One way to help programmers enforce consistency invariants is to provide them with domain-specific tools for distributed program analysis. New languages are one example we have explored; limited annotations are another. There is plenty of room for further work in that vein, and other approaches deserve exploration as well. Ideally, for example, one can imagine new programming language tools that extract properties like monotonicity guarantees from legacy programs and imperative languages.
Can we allow back into our programs some controlled non-determinism? What mechanisms exist when we go beyond monotonicity?
What is the best way to reason about non-deterministic but well-defined correctness criteria? One strategy is to simply encode the space of acceptable outcomes as a disjunction (e.g., “Purchase X succeeds and Y fails OR purchase X fails and Y succeeds”). A confluent system that satisfies this disjunction ensures that an acceptable outcome is always produced. However, enumerating the space of acceptable outcomes scales poorly as application complexity grows. Is there a more natural model than this enumerated choice of outcomes, and, if so, can we build program analysis tools to support it? More fundamentally, beyond monotonicity, are there design patterns that assist in achieving such “controlled non-determinism,” and can such patterns be codified into theorems, analysis techniques, and language constructs?

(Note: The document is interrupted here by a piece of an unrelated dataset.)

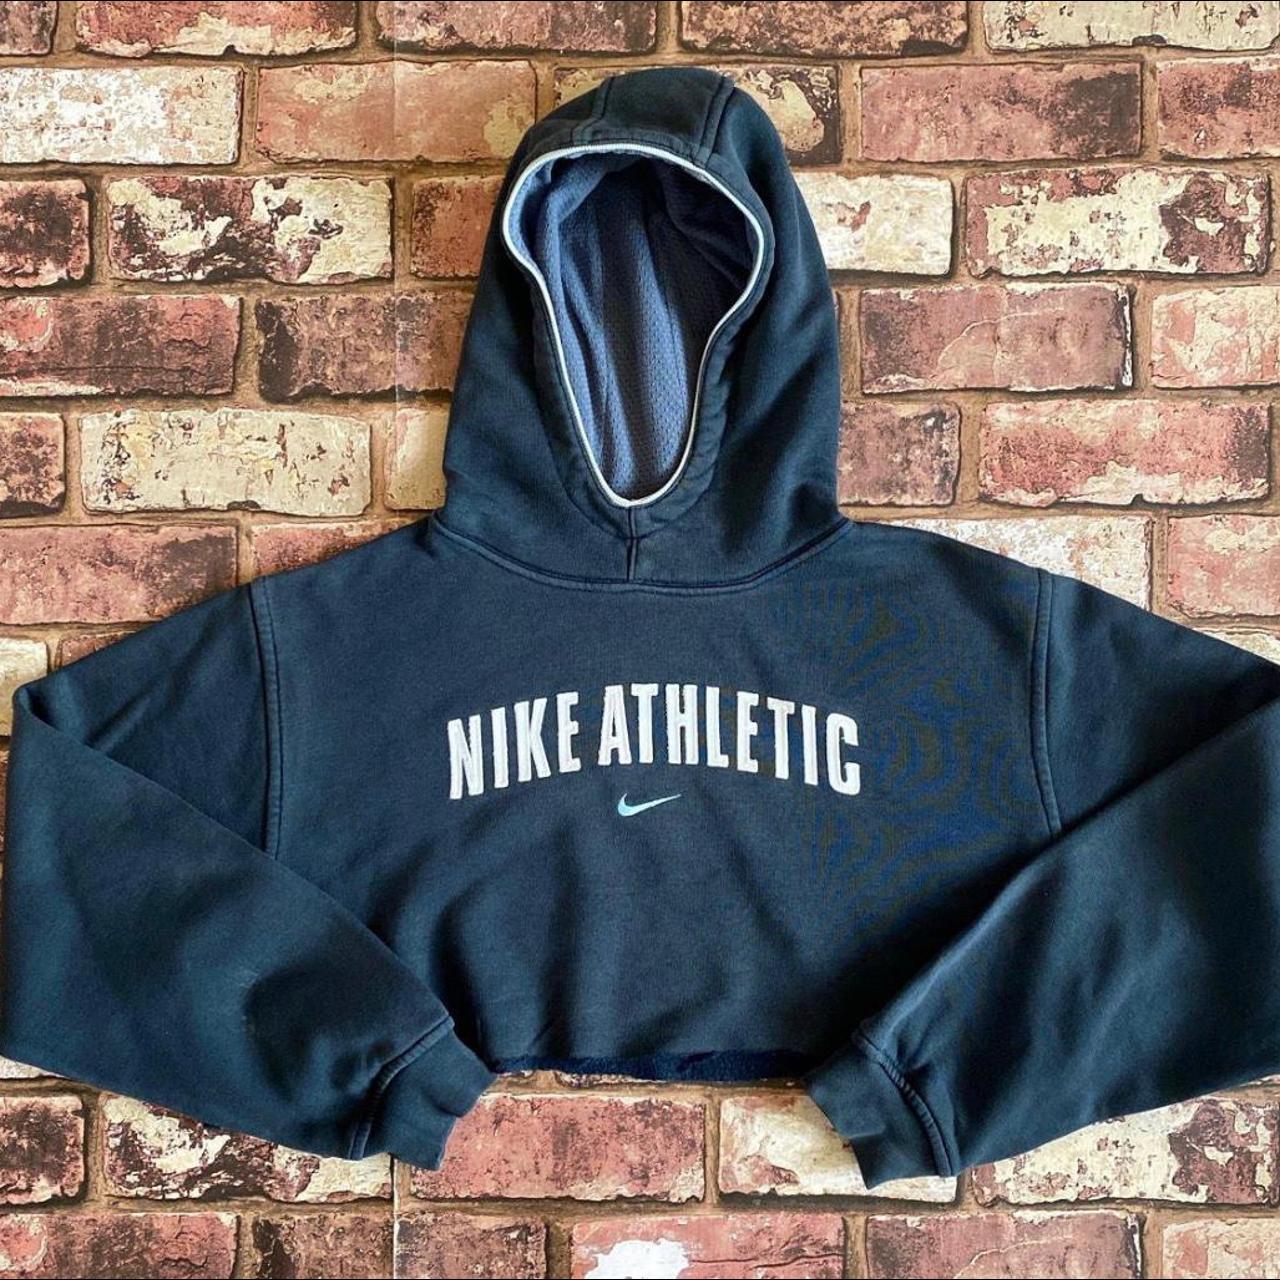 Nike navy athletic cropped 90s hoodie Worn a... - Depop

The development of reliable distributed applications depends upon programmers’ ability to reason about consistency. By narrowly focusing on I/O-level consistency, traditional research in this area risks increasing irrelevance: as the latency and availability costs of traditional consistency protocols have become prohibitive at scale, developers have begun to avoid consistency mechanisms entirely, instead relying on ad hoc, application-specific rules for conflict resolution and reconciliation. We believe that the solution is to meet application developers on their home turf: to explore a variety of consistency mechanisms, analysis tools, and programming constructs that operate at different layers of the software stack. The goal should be to help programmers judiciously employ consistency of the appropriate strength and to reason about consistency wherever it is most natural.